Findings
A Finding is the primary output of a Doctor's examination. It represents a diagnosed issue — a structured object capturing exactly what was found, how severe it is, and the raw evidence that supports the conclusion.
The Finding Object
class Finding(BaseModel):
title: str
description: str
severity: Severity
confidence: Confidence
risk_score: float
risk_level: str
evidence: Dict[str, Any]
structured_evidence: List[DiagnosticEvidence]
tags: List[str]
Fields
| Field | Type | Description |
|---|---|---|
title |
str |
A short, human-readable label for the issue (e.g., "Generalization Gap"). |
description |
str |
A detailed explanation of the finding and why it is problematic. |
severity |
Severity |
The final alert level: INFO, WARNING, or CRITICAL. |
confidence |
Confidence |
How certain ModelDoctor is that this issue is real: LOW, MEDIUM, HIGH. |
risk_score |
float |
A continuous risk score from 0.0 to 1.0. |
risk_level |
str |
The categorical risk level (INFO, LOW, MEDIUM, HIGH, CRITICAL). |
evidence |
dict |
A flat dictionary of the raw measured values (e.g., {"generalization_gap": 0.23}). |
structured_evidence |
List[DiagnosticEvidence] |
Structured evidence objects with thresholds and weights. |
tags |
List[str] |
Categorical tags used for filtering (e.g., ["overfitting", "generalization"]). |
Severity Levels
| Level | Meaning |
|---|---|
INFO |
Healthy or expected behavior. Not shown in primary alert dashboard. |
WARNING |
Degrades performance or risks edge-case failures. Review recommended. |
CRITICAL |
Will likely cause immediate model failure or entirely invalidate evaluation metrics. |
DiagnosticEvidence
Each finding is backed by one or more DiagnosticEvidence objects — the raw signals collected by the Doctor before Confidence and Risk scoring:
class DiagnosticEvidence(BaseModel):
name: str
measured_value: float
expected_range: str
weight: str
normalized_score: float
| Field | Description |
|---|---|
name |
Name of the signal (e.g., "Generalization Gap"). |
measured_value |
The raw value measured from the model (e.g., 0.23). |
expected_range |
Human-readable threshold (e.g., "<= 0.15"). |
weight |
Heuristic importance: Low, Medium, High, Very High. |
normalized_score |
How severely the threshold was violated (0.0 = no violation, 1.0 = maximum violation). |
Reading Findings Programmatically
import modeldoctor as md
report = md.diagnose(model, X_train, y_train, X_test, y_test)
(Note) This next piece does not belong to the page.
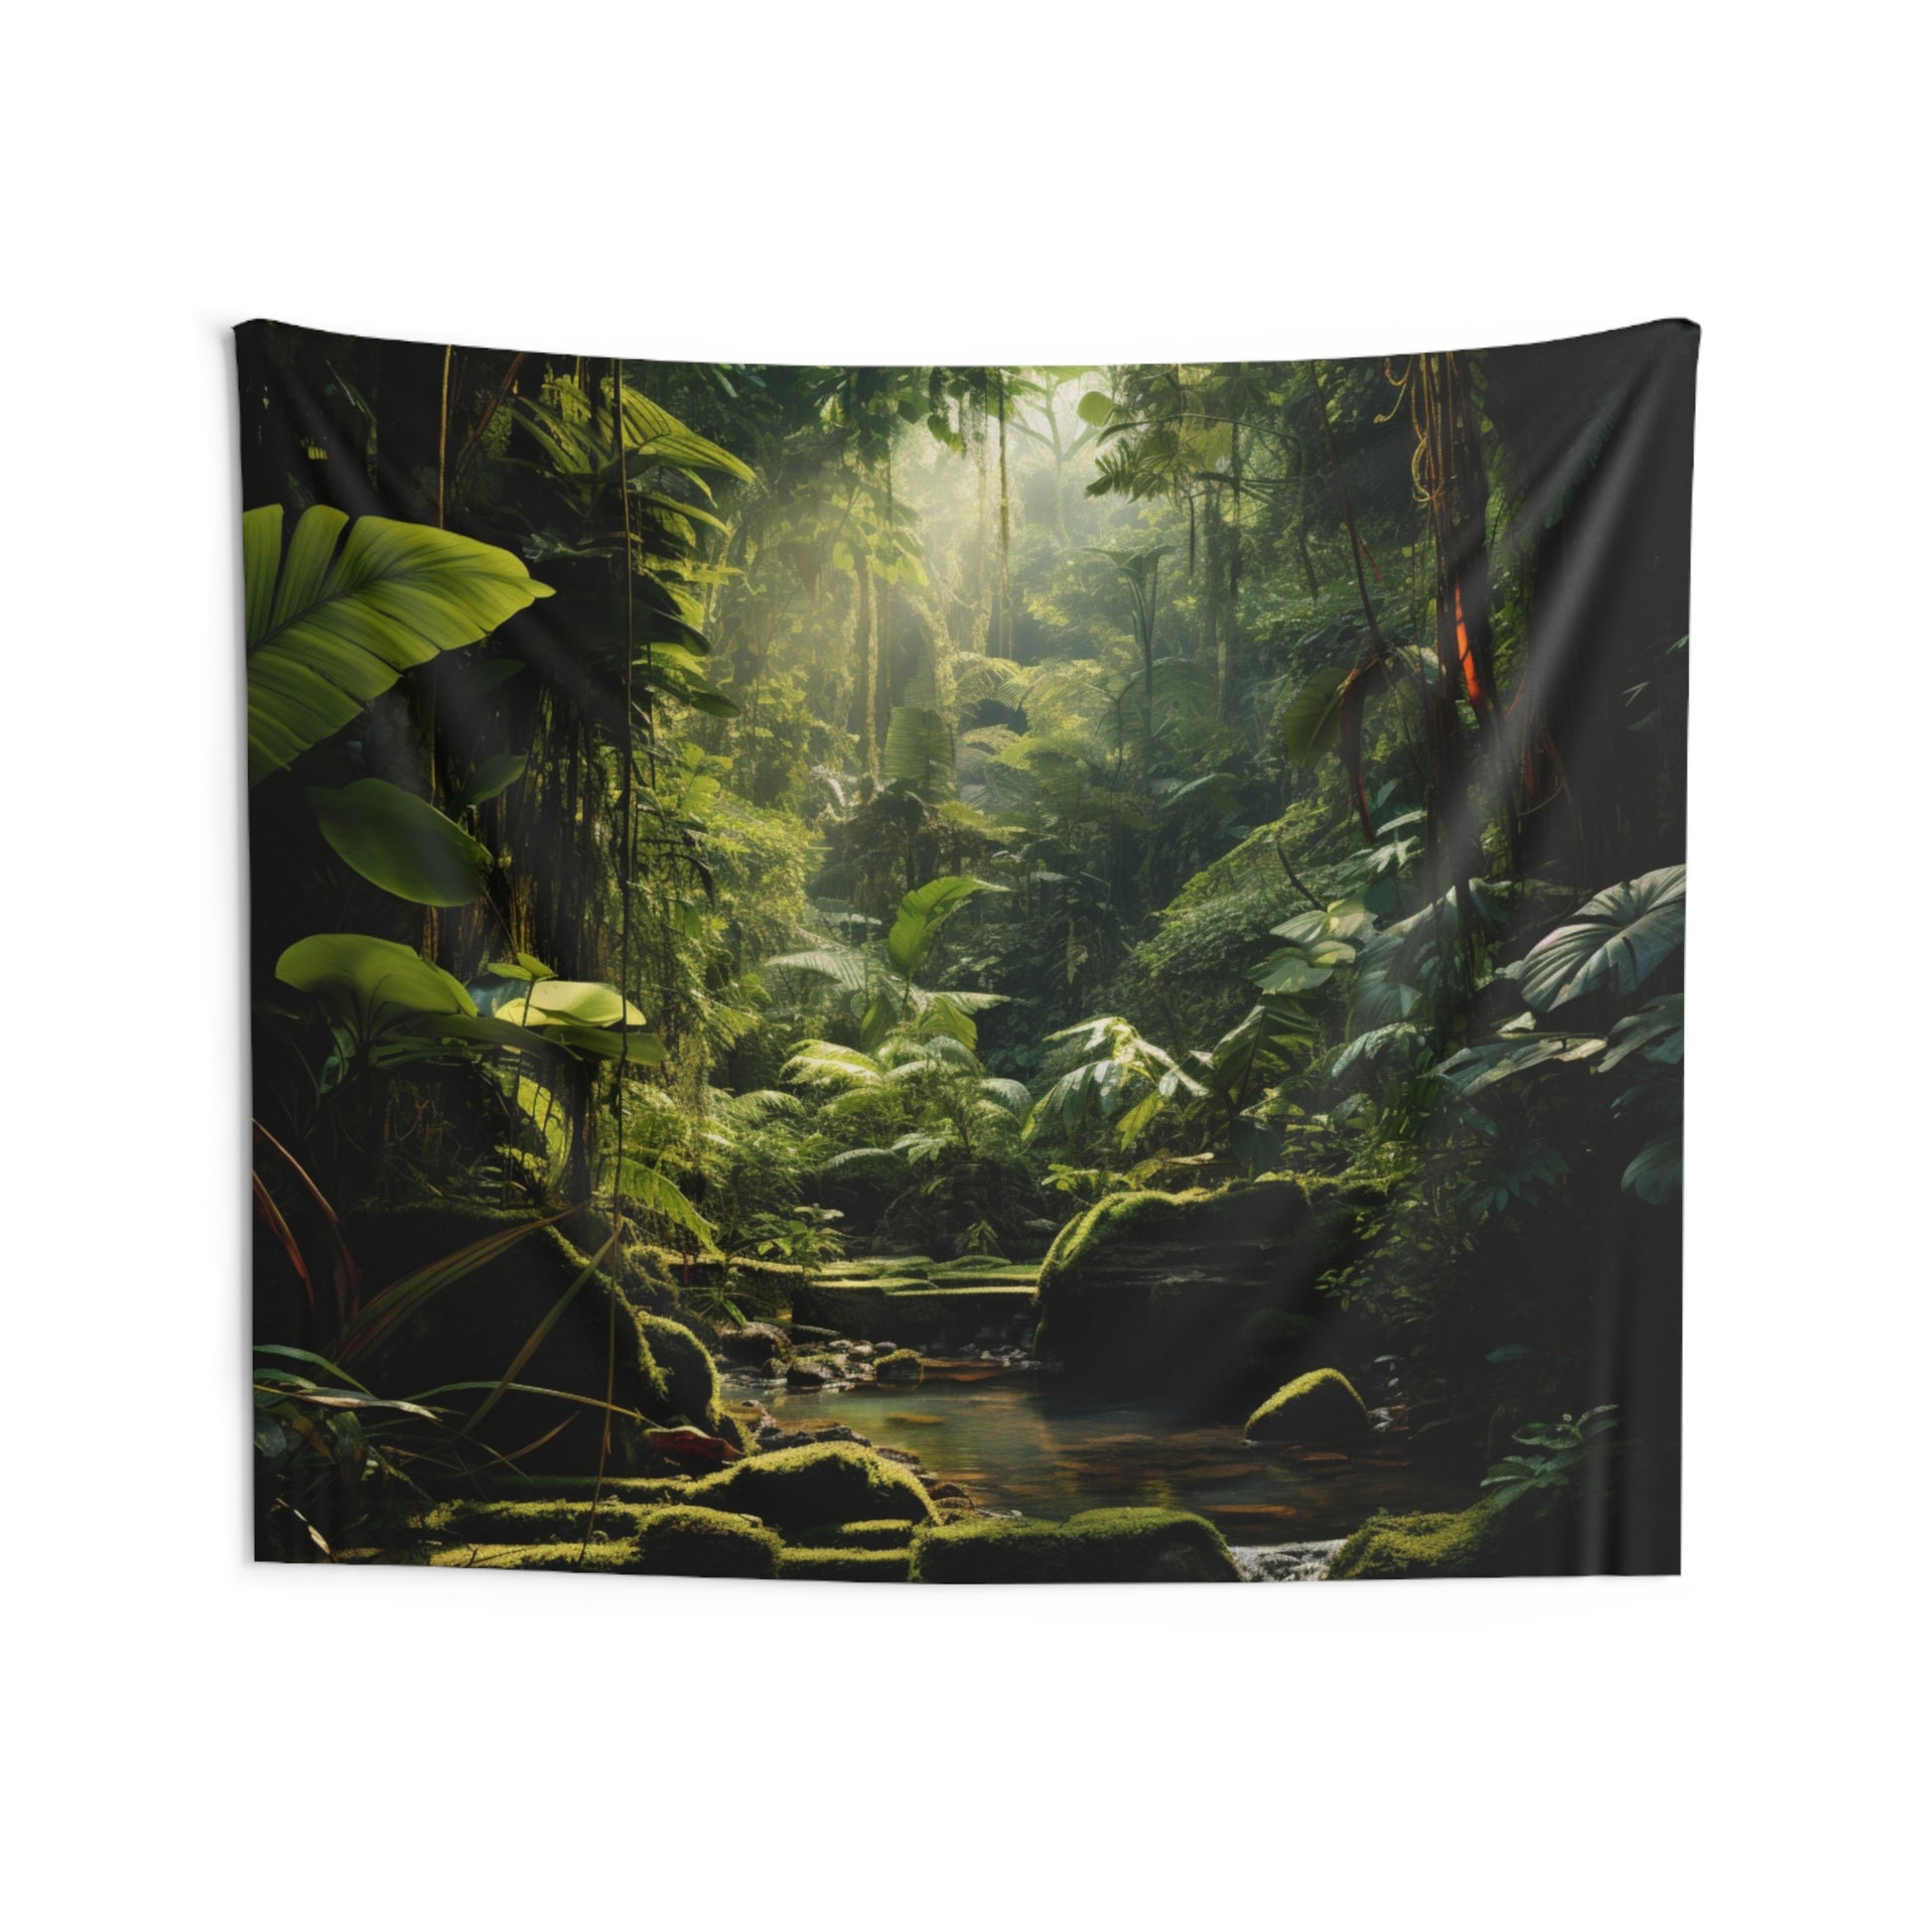 Rainforest Jungle Tapestry, Green Nature Wall Art Hanging Cool Unique Landscape Aesthetic Large Small Decor Bedroom College Dorm Room Starcove Fashion
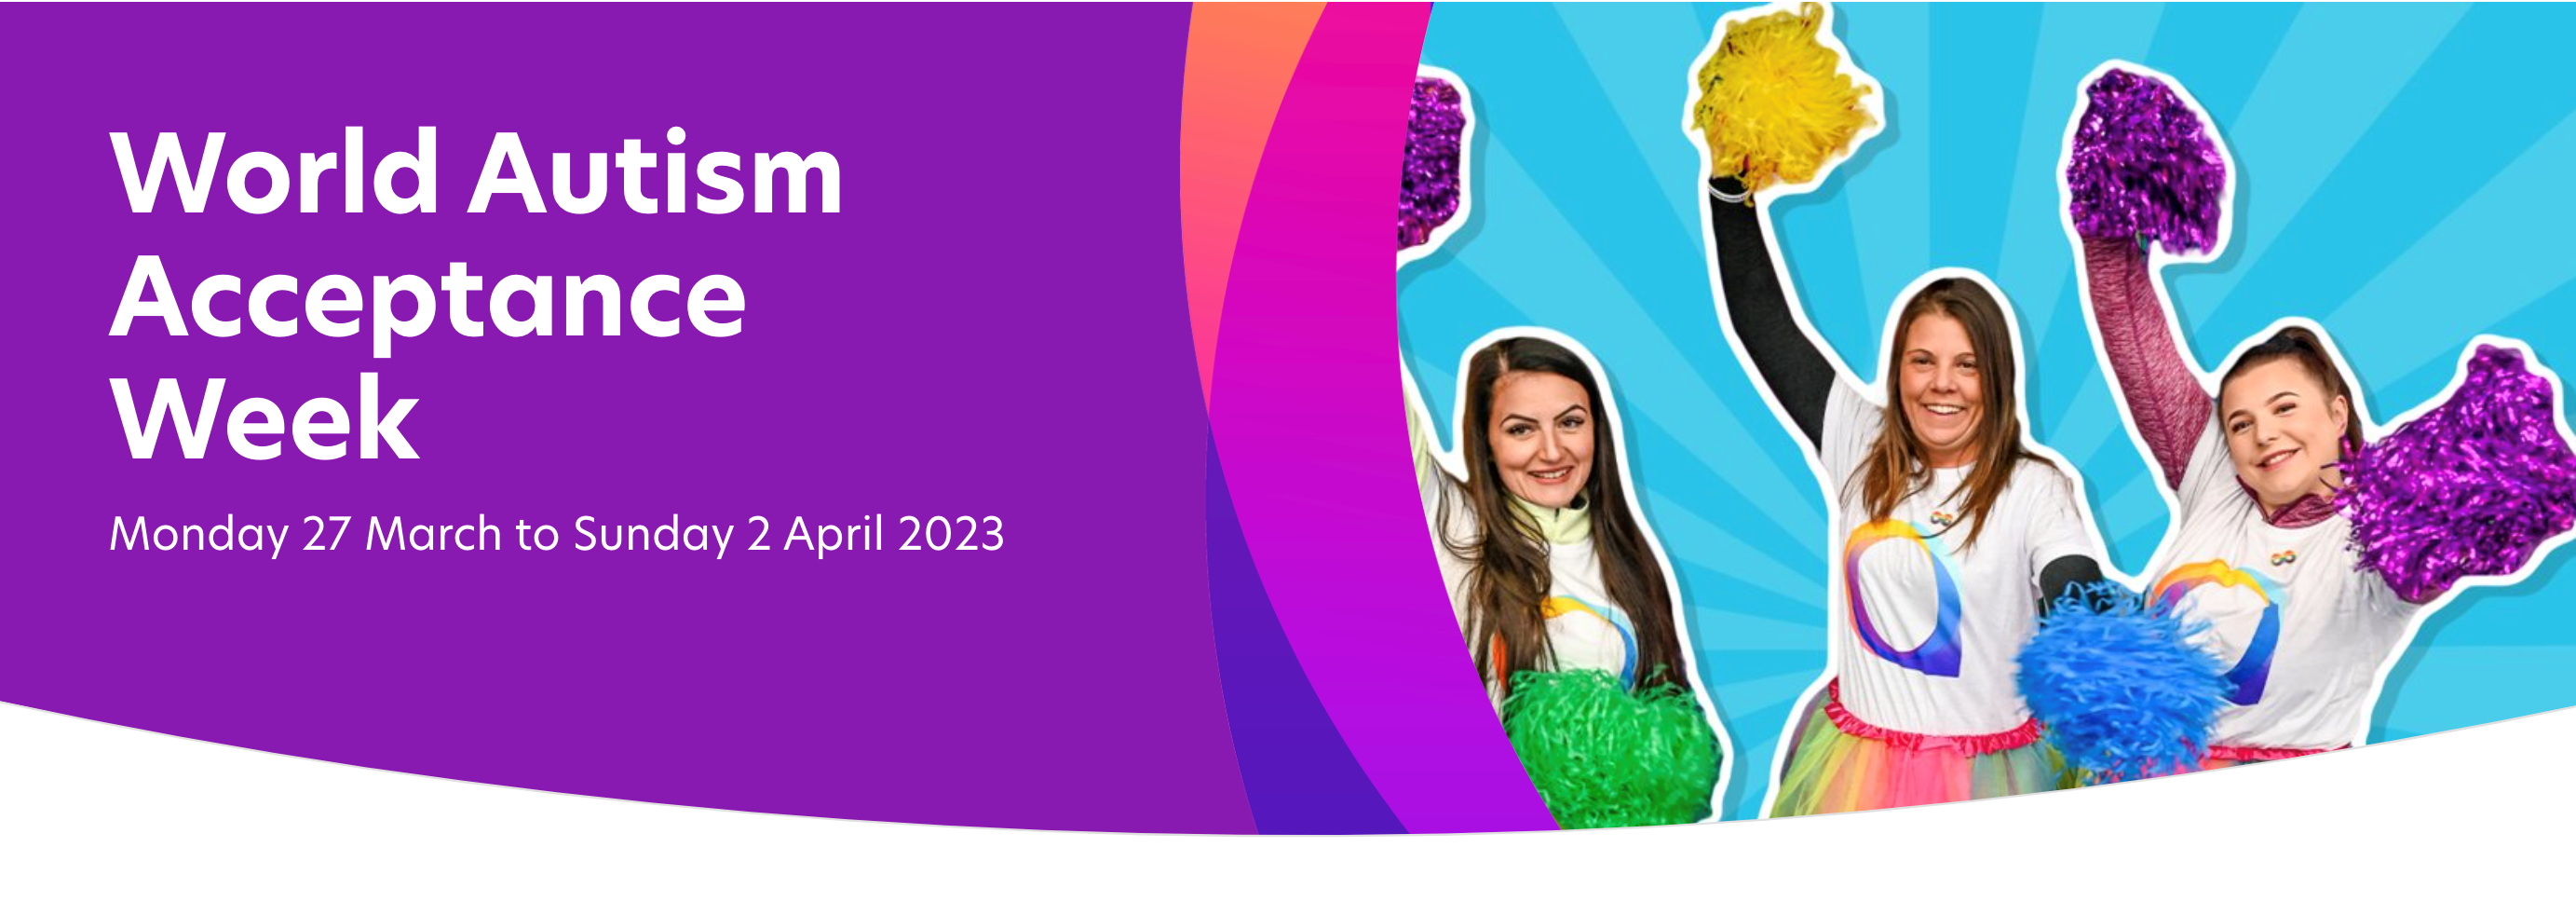 World Autism Acceptance Week, Monday 27 March to Sunday 2 April. Next to this text, three women wearing shirts with the National Autistic Society logo are smiling and holding up multicoloured pompoms

# Gather all findings across all doctors
all_findings = [f for d in report.diagnoses for f in (d.findings or [])]
for finding in all_findings:
if finding.severity.value in ("warning", "critical"):
print(f"[{finding.severity.value.upper()}] {finding.title}")
print(f" {finding.explanation}")
for ev in finding.structured_evidence:
print(f" Evidence: {ev.name} = {ev.measured_value} (expected {ev.expected_range})")
Relationship to Prescriptions
Every WARNING or CRITICAL finding is automatically matched against the Prescription Engine knowledge base. If a match is found, a Prescription is generated and attached to the report with concrete remediation steps.